Он взглянул на часы. Время еще оставалось, но сегодня следовало приехать пораньше, кой-кого повидать, почувствовать общую атмосферу.

— Ergo, договоримся так: сама продумаешь мероприятия на субботу и воскресенье.

При этом должно быть учтено: а — мнение матери, бэ — мнение Ольги. Никаких дел, растительный образ жизни, на травке, на травке попастись. Созыв за вами.

За час до начала совещания Анохин еще был в аэропорту: провожали японскую делегацию, которая посетила их город. Делегация прибыла вечером, ужинала, с утра осматривала промышленное предприятие, водохранилище, церковь XVI века, жилой массив. Все прошло хорошо: и беседа с рабочими и поездка по водохранилищу. Они мчались по воде на подводных крыльях, а машины двигались по берегу, чтобы встретить их. Правда, в жилом массиве произошла небольшая накладочка, но, кажется, никто не заметил, а значит, и не было ничего.

Бородин лично показывал город и даже старался не только своими, но ихними, японцев, глазами взглянуть на свой город. И убеждался, что им все нравится.

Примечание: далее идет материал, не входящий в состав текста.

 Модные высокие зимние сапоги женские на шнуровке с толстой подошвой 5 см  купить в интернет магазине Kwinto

Обед был дан с размахом. Бородин, на полголовы выше любого из делегации и много крупней, произнес тост, и японцы понравились ему окончательно. А тут еще перед их приездом рассказали ему подходящий анекдот про то, как японского архитектора водили по новостройке, он везде улыбался, кивал, все ему нравилось, но только он почему-то повторял: «Оцень пецально, оцень пецально…» Наверное, все русские слова у него перемешались. И вот теперь, глядя, как они едят и хорошо пьют русскую водку, Бородин думал про себя: «Вот тебе и оцень пецально…»

В число лиц, занятых с делегацией, был включен и Анохин, «в число официальных лиц», как он это мысленно для себя сформулировал Бородин даже оказал ему определенное доверие, перед самым приездом делегации сказав: «Подготовьте мои возможные соображения». Анохин чувствовал себя поощренным, старался, выдержкой и непроницаемостью превосходя японцев.

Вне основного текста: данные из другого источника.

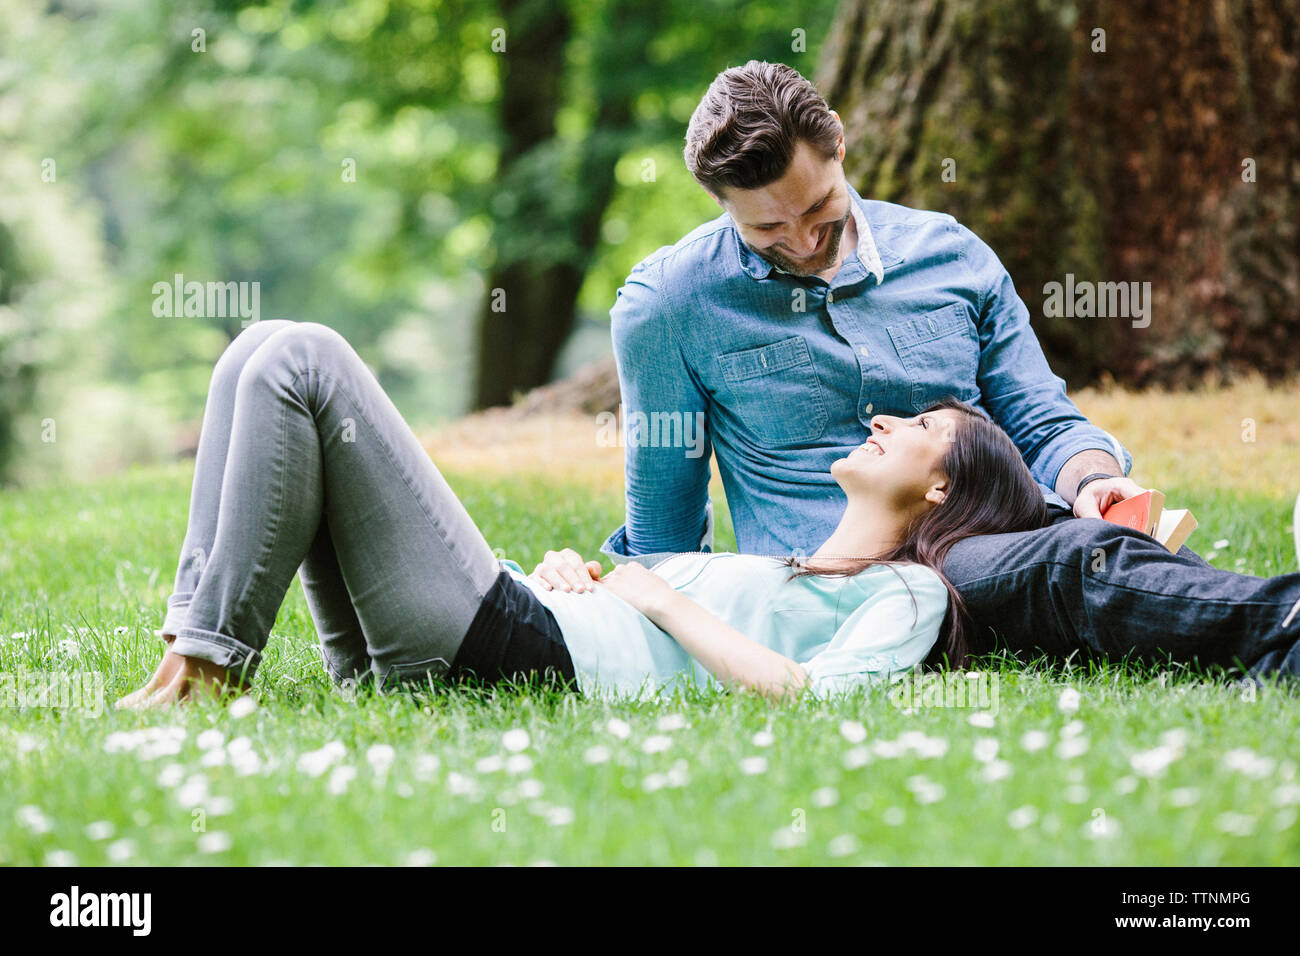 Happy girlfriend lying on boyfriend's lap in park Stock Photo

Перед отлетом на аэродроме, растолковав через переводчика, что оно означает по-русски, «посошок на дорогу», Бородин повел делегацию на второй этаж, где крахмальными скатертями был накрыт стол. Анохин и еще несколько человек остались ждать внизу.

В пальто, в шляпах, они курили, любезно разговаривали друг с другом, как будто представляли разные делегации: тон официальности сохранялся и в отсутствие японцев.

Конечно, было нечто обидное в том, что его не позвали наверх. Но Виктор умел не замечать, он умел ждать терпеливо. Он знал: придет время, когда он будет сидеть там, наверху, в зале. На одну незримую ступеньку он все же поднялся сегодня.

Сунув руки в карманы пальто, весь как бы расширившийся, он стоял спиной к стеклянной стене, к свету. Ноги расставлены крепко, голова склонена, на лице, неясно видном против света, думающее, сосредоточенное, творческое выражение. Из-под полей шляпы поблескивают очки.

Наверху зашумели, показалась японская делегация. У всех блестели очки, блестели лица. Рядом с Бородиным они были как дети. Прилично одетые дети, в костюмах, в галстуках, в очках, все улыбающиеся. И те, кто спускался с ними по лестнице, тоже улыбались. Но еще радостней улыбались ожидавшие внизу. «Все мы для них на одно лицо, как они для нас, — мысленно утешил себя Виктор, поскольку было все же что-то неловкое в его положении. — Помнят они, что ли, кто с ними был, кто здесь оставался?..»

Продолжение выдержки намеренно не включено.